Without asking after my own family or offering any other courtesy, he gripped me by the elbow and steered me to the door, which he shut smartly behind me.
I felt like vomiting.
* * * *
I could have given up and told Albert that his papers had gone missing; but, I’m not sure why, it seemed vital to persevere. I tried to get help from two other colleagues, one of whom refused, wringing his hands and looking scared sick, while the other threw me out on the street before I even got a chance to explain the aim of my visit.
So I turned to the Network - whose first reaction was lukewarm. Albert’s reputation was wobbly, and as for me, I’d only just joined them.
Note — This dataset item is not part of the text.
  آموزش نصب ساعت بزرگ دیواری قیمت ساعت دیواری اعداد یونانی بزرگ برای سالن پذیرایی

They did appreciate that Albert hadn’t lent support to the new regime, and wouldn’t have dreamed of doing so, but at the same time they were scathing about him being so bound up in his research rather than taking an active stand against the political developments which the Emperor was condoning.
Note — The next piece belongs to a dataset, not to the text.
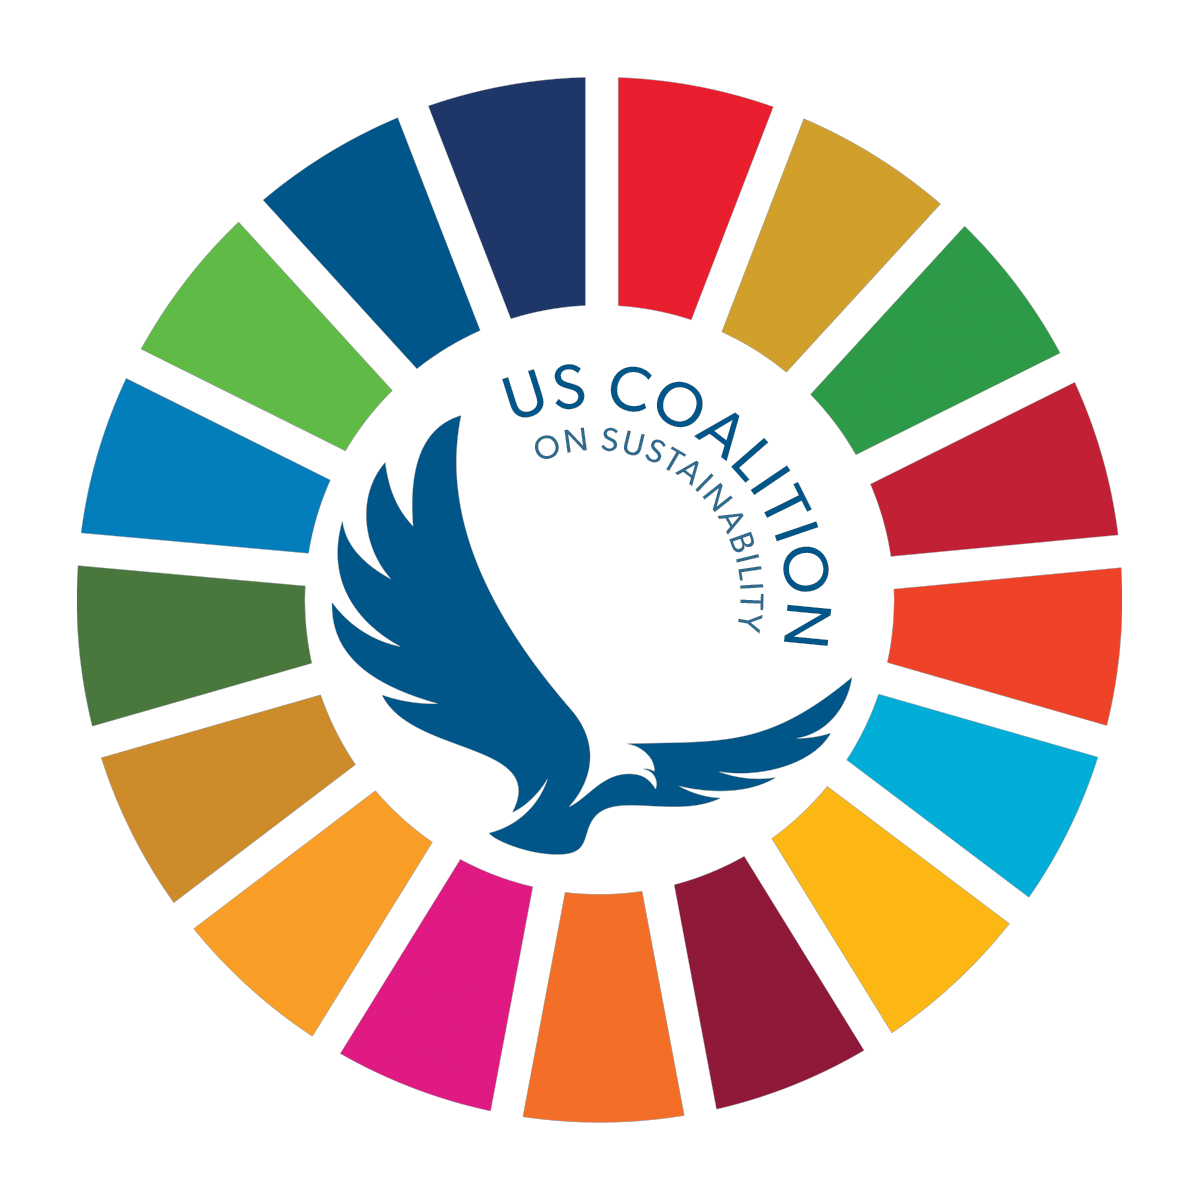 US Coalition on Sustainability logo

I first mentioned the matter of Albert’s papers at a meeting following Hitler’s speech in Salzburg, where he made his intentions crystal clear: to rid the Austro-Hungarian Empire of all resident Jews and restrict the Slavs to menial occupations. “It goes without saying,” he’d thundered, “that Aryans aren’t savages,” and he’d specified that he personally would oversee the emigration of the Jews with full respect for rights and justice and especially “with no violence”. As if exile from one’s homeland wasn’t the worst sort of violence.
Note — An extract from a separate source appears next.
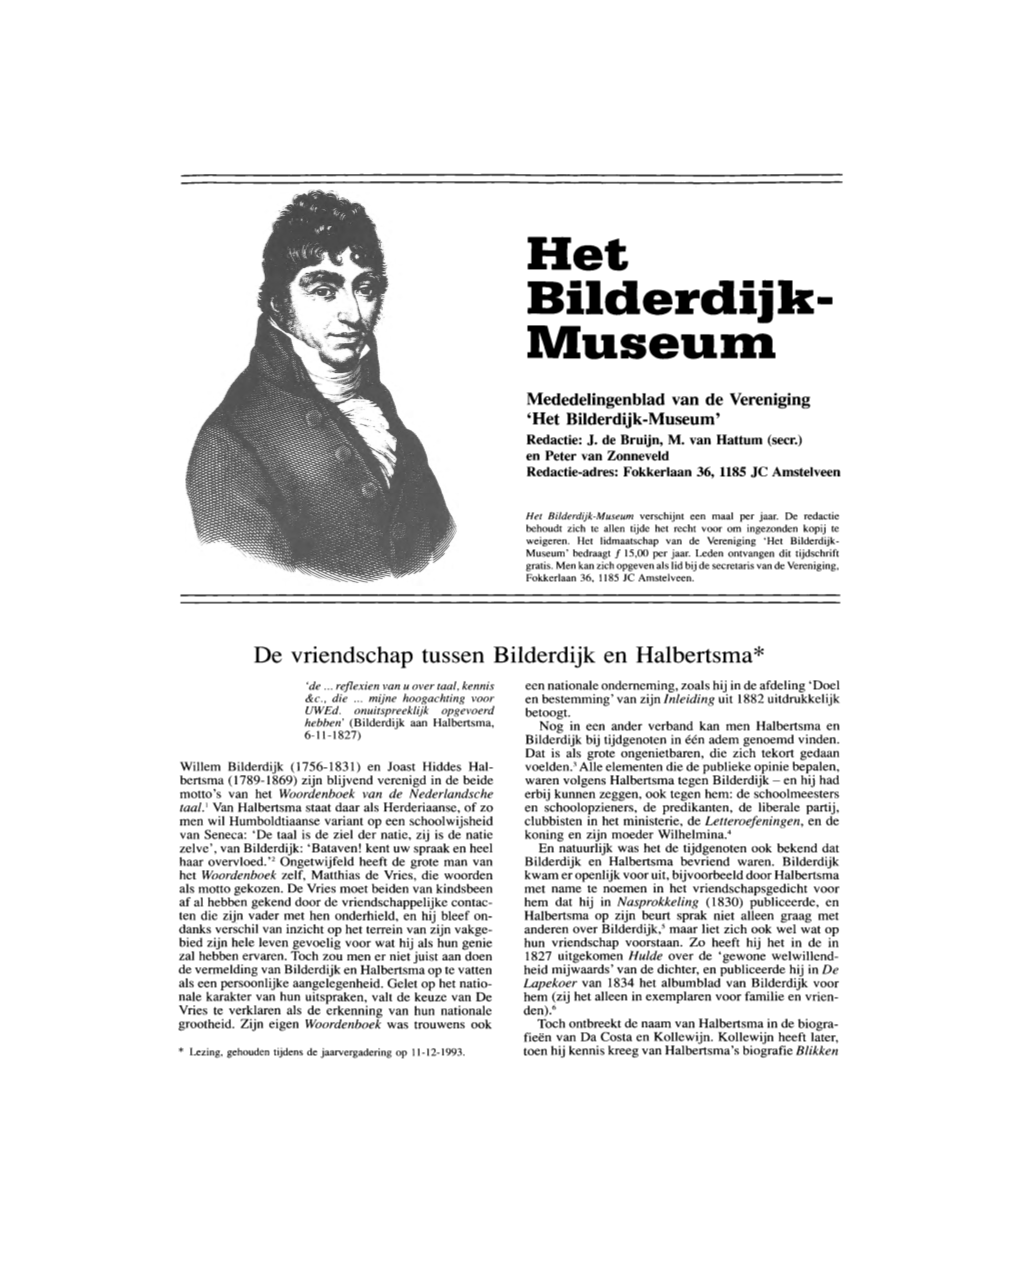 Bilderdijk-Museum' Redaetie: J

Isaac Levinsky, the co-ordinator for our sector, adopted a defensive stance and my request was rejected. But as I was heading away from the meeting, I heard the quick patter of footsteps behind me. A young woman, whom I’d noticed earlier, though barely so, was trying to catch up. I stopped to wait for her.
“What are those papers you want to recover for Mr Einstein? You seem to think they’re very important for our cause.” She was short of breath and hadn’t even bothered to introduce herself. Once I pointed this out, she said, “Pardon me. I’m Countess Ester Egerhazy.”
“Are you Jewish?”
“Does one have to be Jewish to fight injustice?”
I couldn’t help but smile at this reply, which seemed a bit theatrical. She smiled too. What a superb woman this Ester was: in her thirties, with skin like milk, big almond eyes underlined with a touch of make-up, hair black as jet tied back in a bun on the nape of her neck, revealing single-pearl earrings dimpling her lobes.
“I can help you.”
“I beg your pardon?” For a moment I’d forgotten all about my quest, but her offer yanked me back firmly to reality. What a sad contrast between this elegant, perfumed young aristocrat and the filthy vagabond I’d become.
“I can help you,” she said again. “I attended your final course.”
“At high school, you mean?”
“No, at the university. I’m older than I look. I can always get into places. If you’ll tell me exactly what you’re looking for, I can get it and give it to you.”
I felt hesitant. The imperial secret police were well known for their efficiency. There was a high chance that Ester was one of their agents, now on a mission to gull me into revealing what sort of papers Albert was so keen to get back. What the hell. I’d have given anything for the chance of another tête-à-tête with Ester. So I described precisely what the papers were and where they ought to be.
A week went by. Anxiety and impatience gnawed at me. Emma willingly believed this was only due to the mission with which Albert had entrusted me.
On the appointed day, Ester was there. Discreetly she slipped me a package neatly wrapped in brown paper, and we strolled along together.
“Are you going to meet Mr Einstein?” she asked innocently, and I failed to answer yes because I remembered of a sudden that my trip ought to be kept secret.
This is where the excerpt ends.